— Но, Полковник! — воскликнул один из возмущенных депутатов. — Какая страшная несправедливость! Этот молодой человек годами приносил себя в жертву Африке. Благодаря таким людям свет цивилизации достигает самых диких стран. И что же он получил взамен? Страшную заразу и медленную смерть. Должен же существовать какой-нибудь способ, чтобы изгнать паразита, какое-нибудь сильнодействующее средство.
— Средство? — Тут последовало минутное колебание. Полковник водрузил перед собой трость из слоновой кости, положил на набалдашник руки и уперся в них подбородком. Потом он устремил взор в сторону невидимой линии горизонта и наконец произнес:
— Его нет, к моему величайшему сожалению. Спасение невозможно.

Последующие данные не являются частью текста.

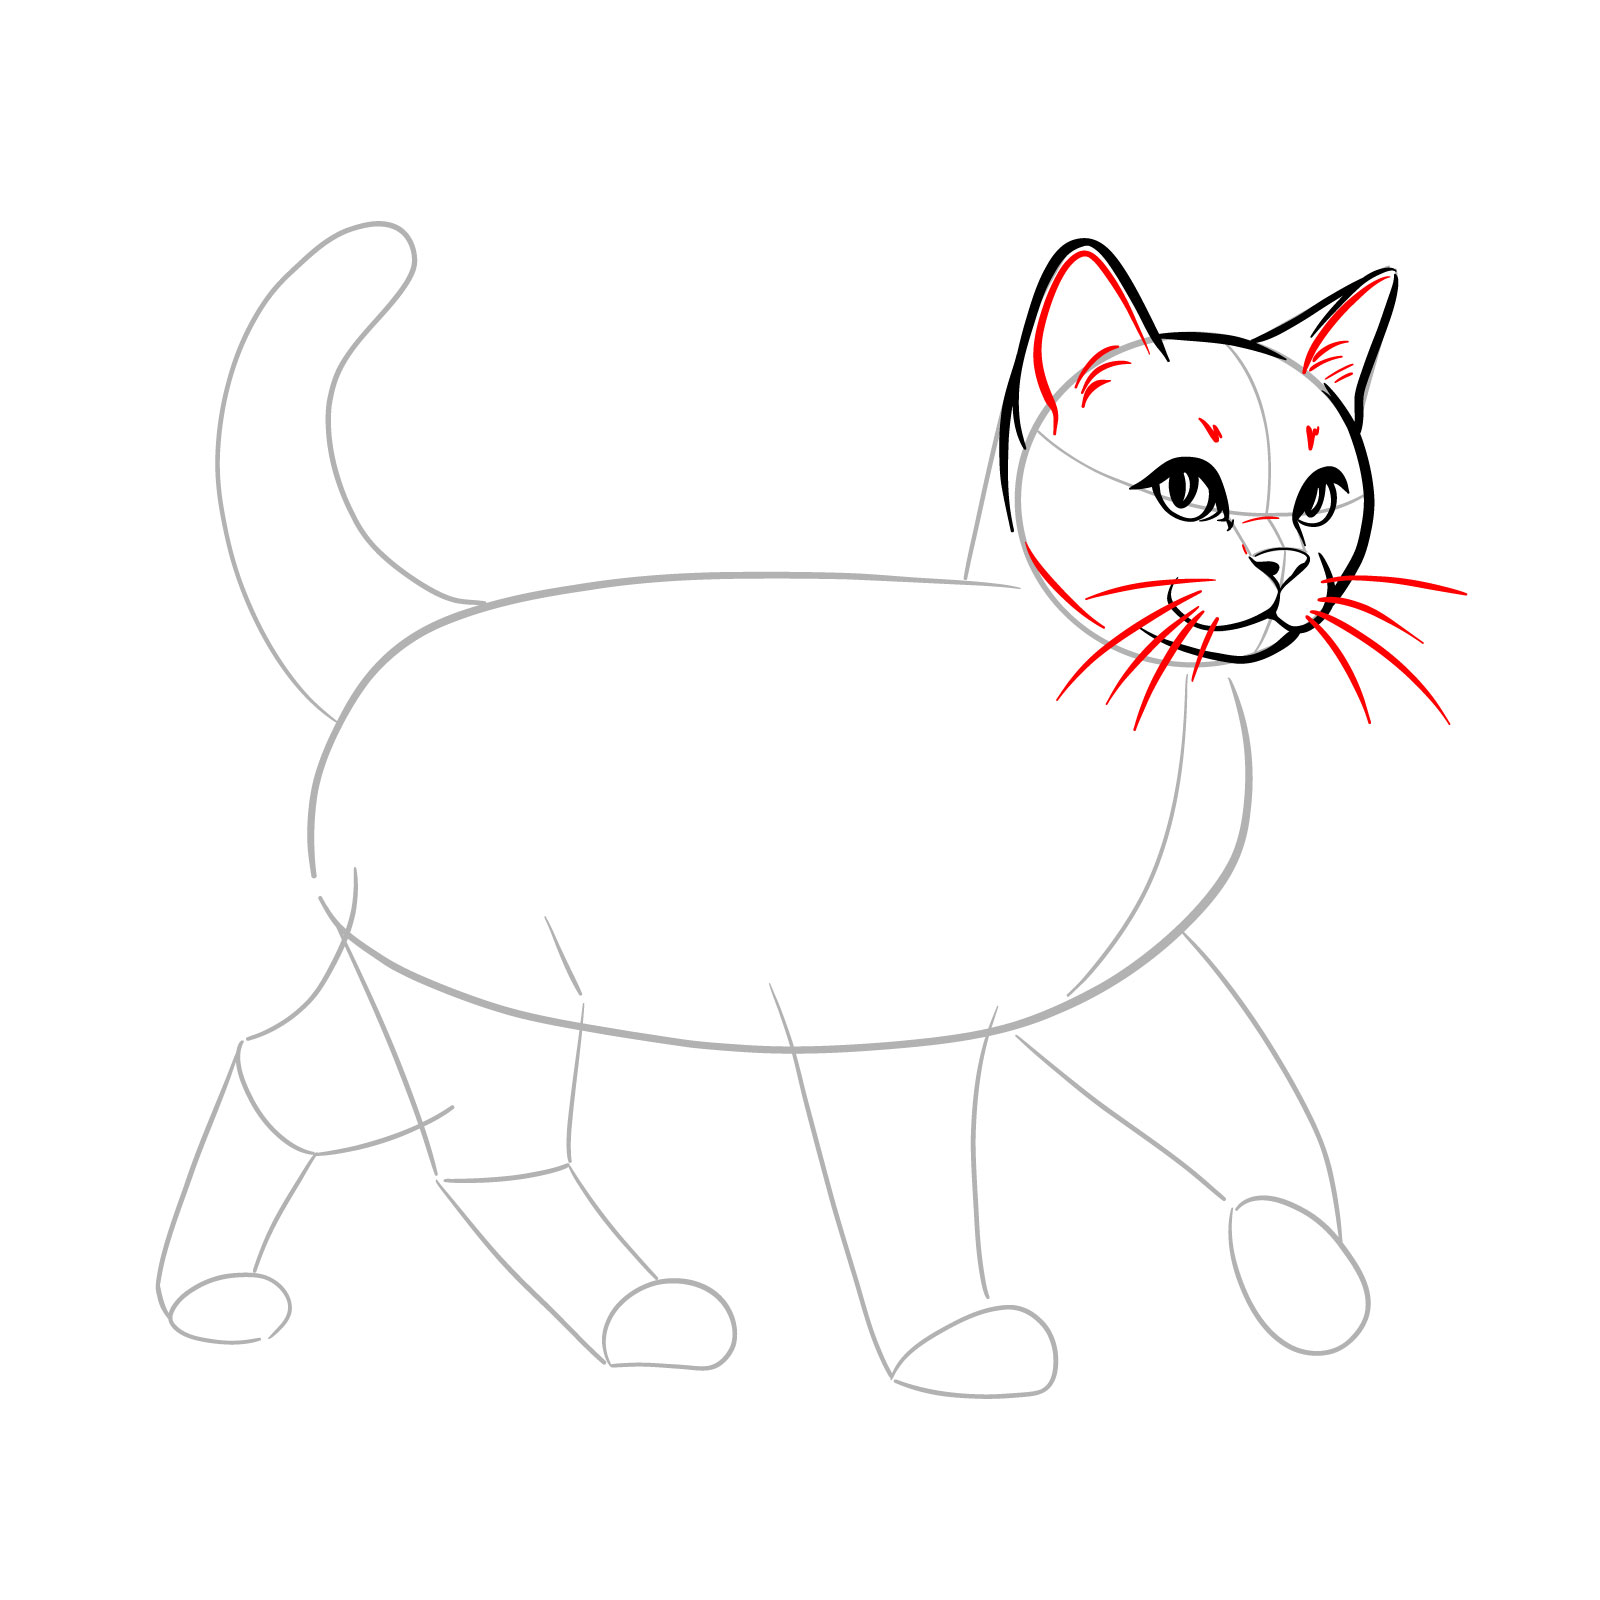 Detailing the cat's facial features with whiskers and ear refinement in a walking pose - step 07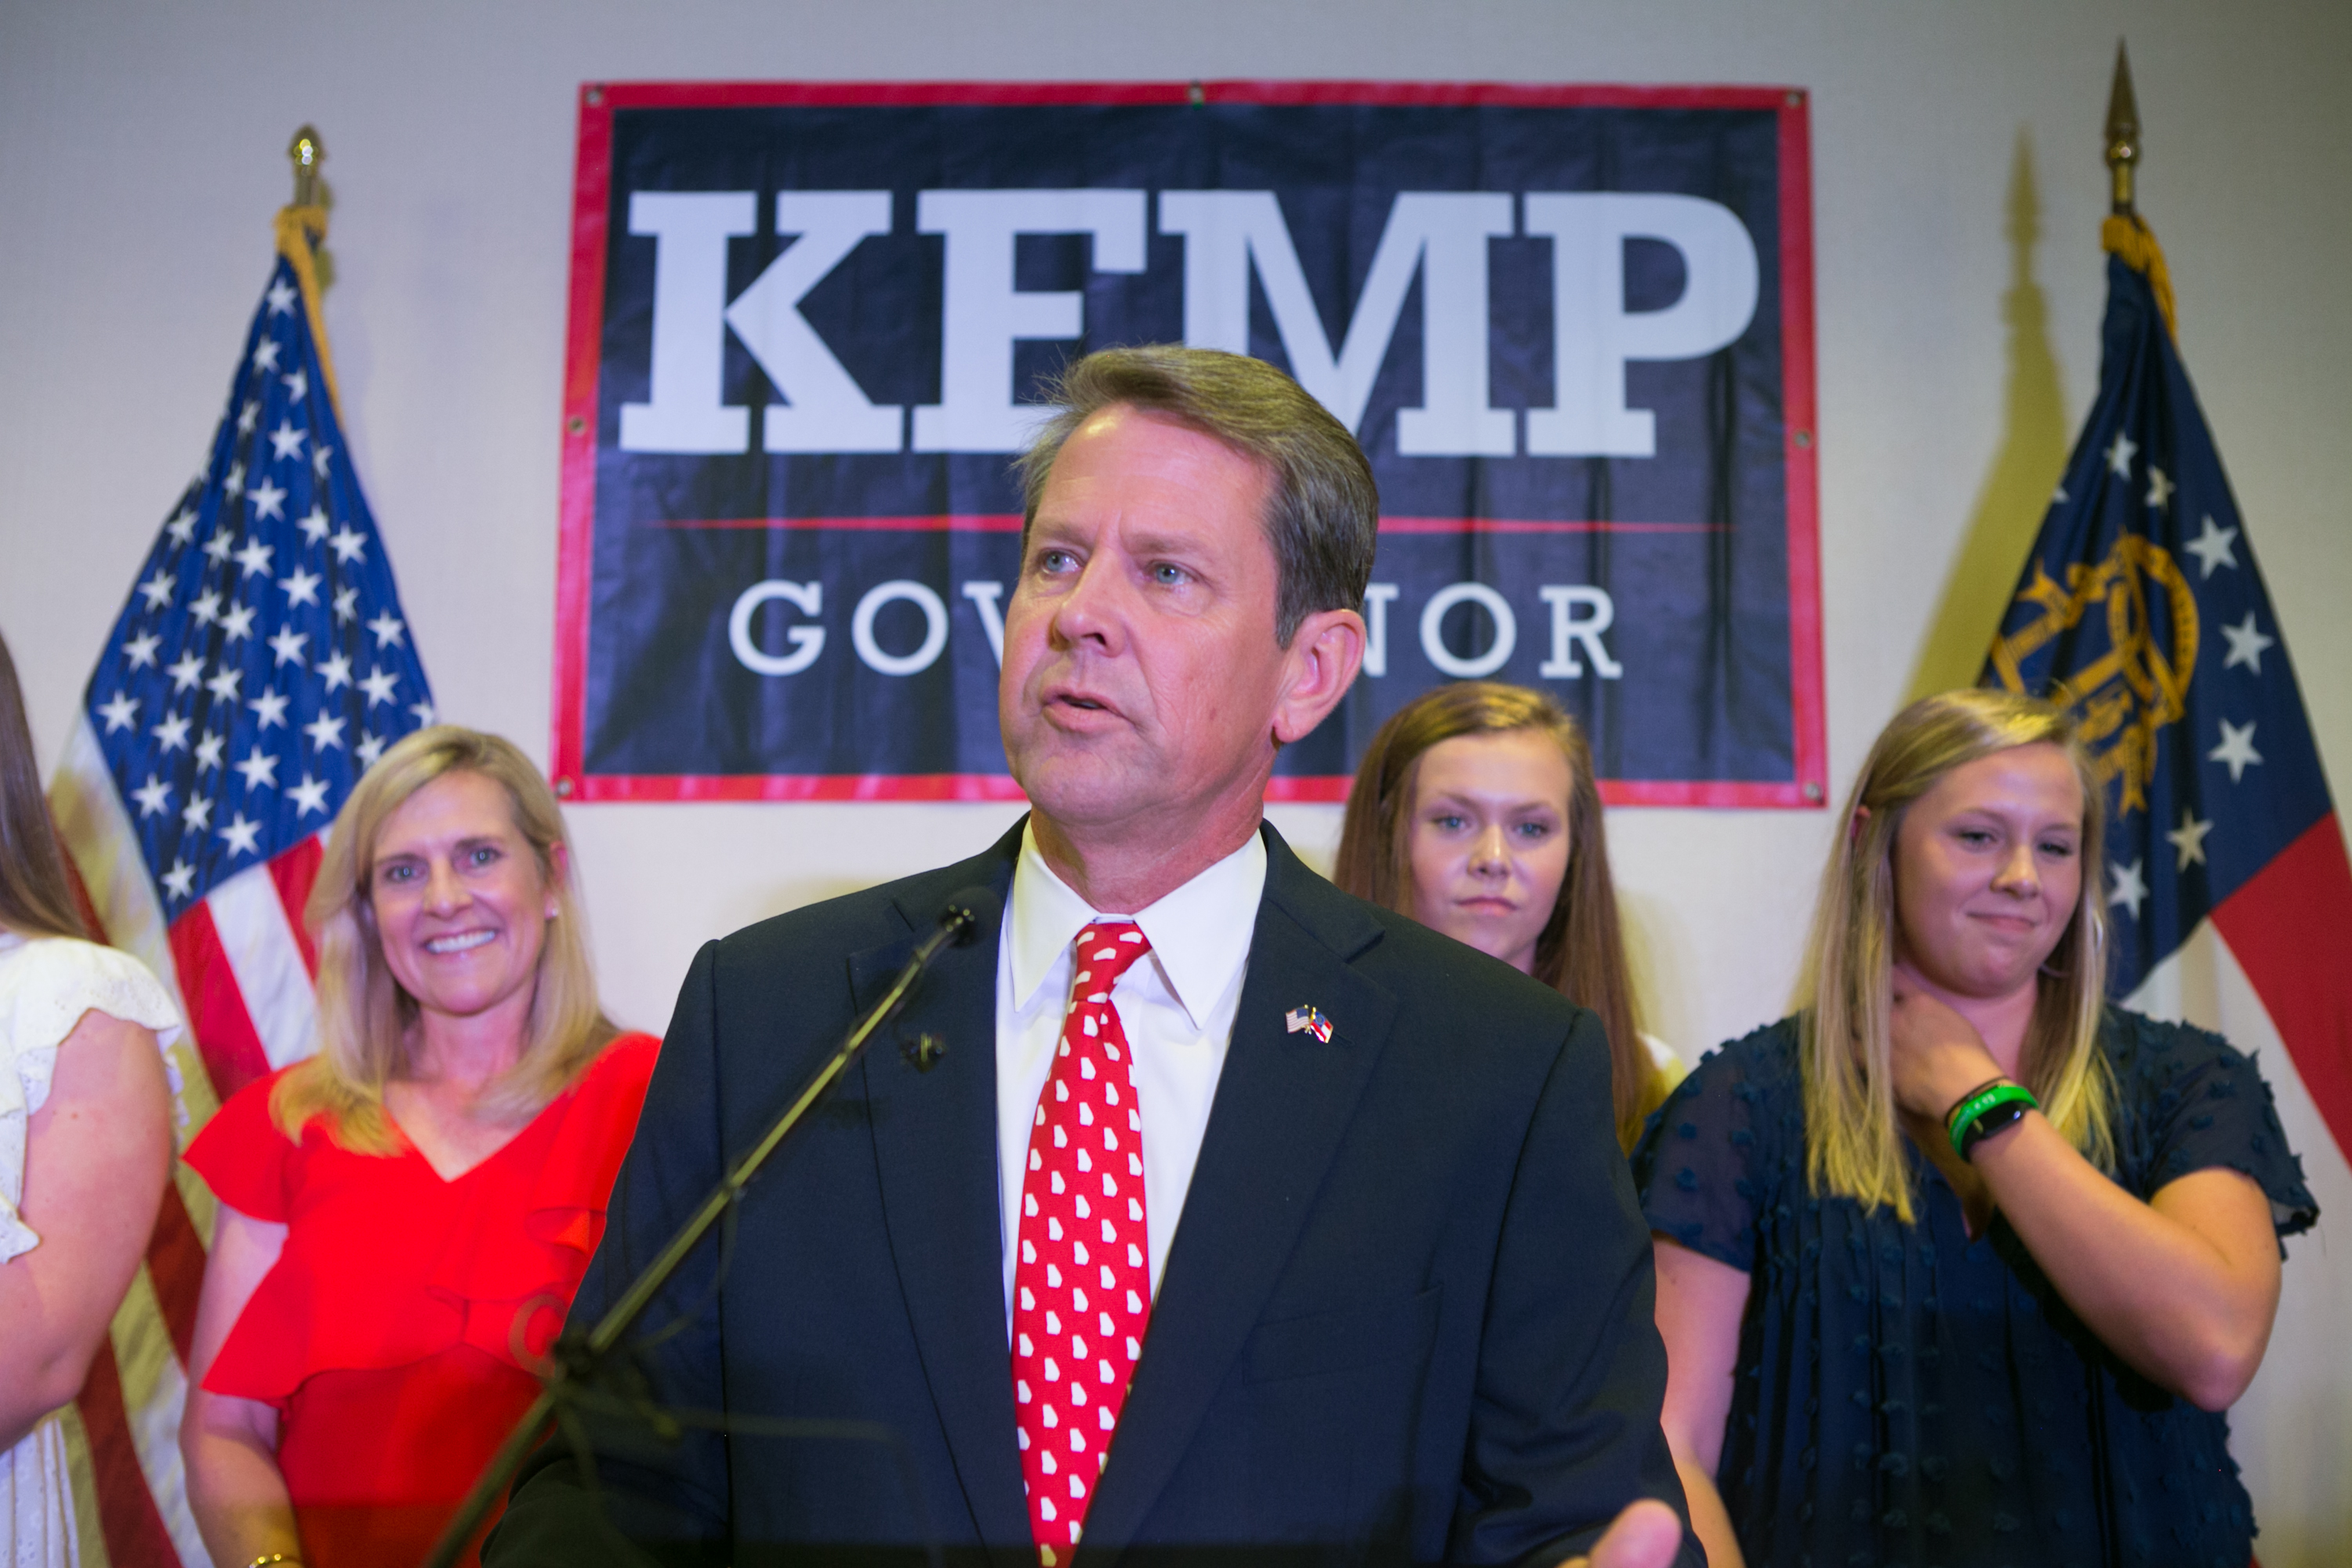 Secretary of State Brian Kemp addresses the audience and declares victory during an election watch party on July 24, 2018 in Athens, Georgia. (Photo by Jessica McGowan/Getty Images)

Тон полковника теперь изменился. В его голосе звучала жестокость чиновника, который отказывает просителю, а не строгость ученого мужа, читающего лекцию. Однако никто ему не стал возражать, потому что заведение было царством невозбраняемой лжи или разделяемой всеми игры воображения, а рассказ о жуке отличался таким реализмом, что был достоин считаться правдивым. Полковник, держа сигарету в высоко поднятой руке, выпускал изо рта аккуратнейшие колечки дыма. Как это ни странно, первой перешла к решительным действиям Мадам. В пронзительной тишине легкий шорох ее жемчужных бус показался бряцаньем тысячи створок ракушек. Белокурые локоны, обесцвеченные перекисью водорода, вздрагивали на ее плечах в такт движению плеч. Вечернее платье обнажало руки — плоть, покрывавшая кости, словно половинки булочки сосиску, была рыхлой, очень рыхлой, а кожа сморщенной. С отвагой милосердия, в котором ее бы никто не мог заподозрить, она сделала шаг вперед, потом еще один и обратилась к специалисту с вопросом:
— Этим жуком можно заразиться?
— Решительно нет. Эти мучения не передаются другому человеку, — объяснил Полковник, — обрекая жертву на одиночество на эшафоте.
— Пойдемте со мной, юноша.
И под изумленными взглядами всех присутствующих Мадам увлекла его вверх по лестнице. Это скрасило похоронное настроение в зале. Все дамы и все кавалеры осознавали благородство ее поступка и единодушно выражали свое восхищение и восторг.
— Какая великая женщина, — высказал мысль, владевшую всеми умами, господин депутат, — ей ведомо значение слова „утешение“.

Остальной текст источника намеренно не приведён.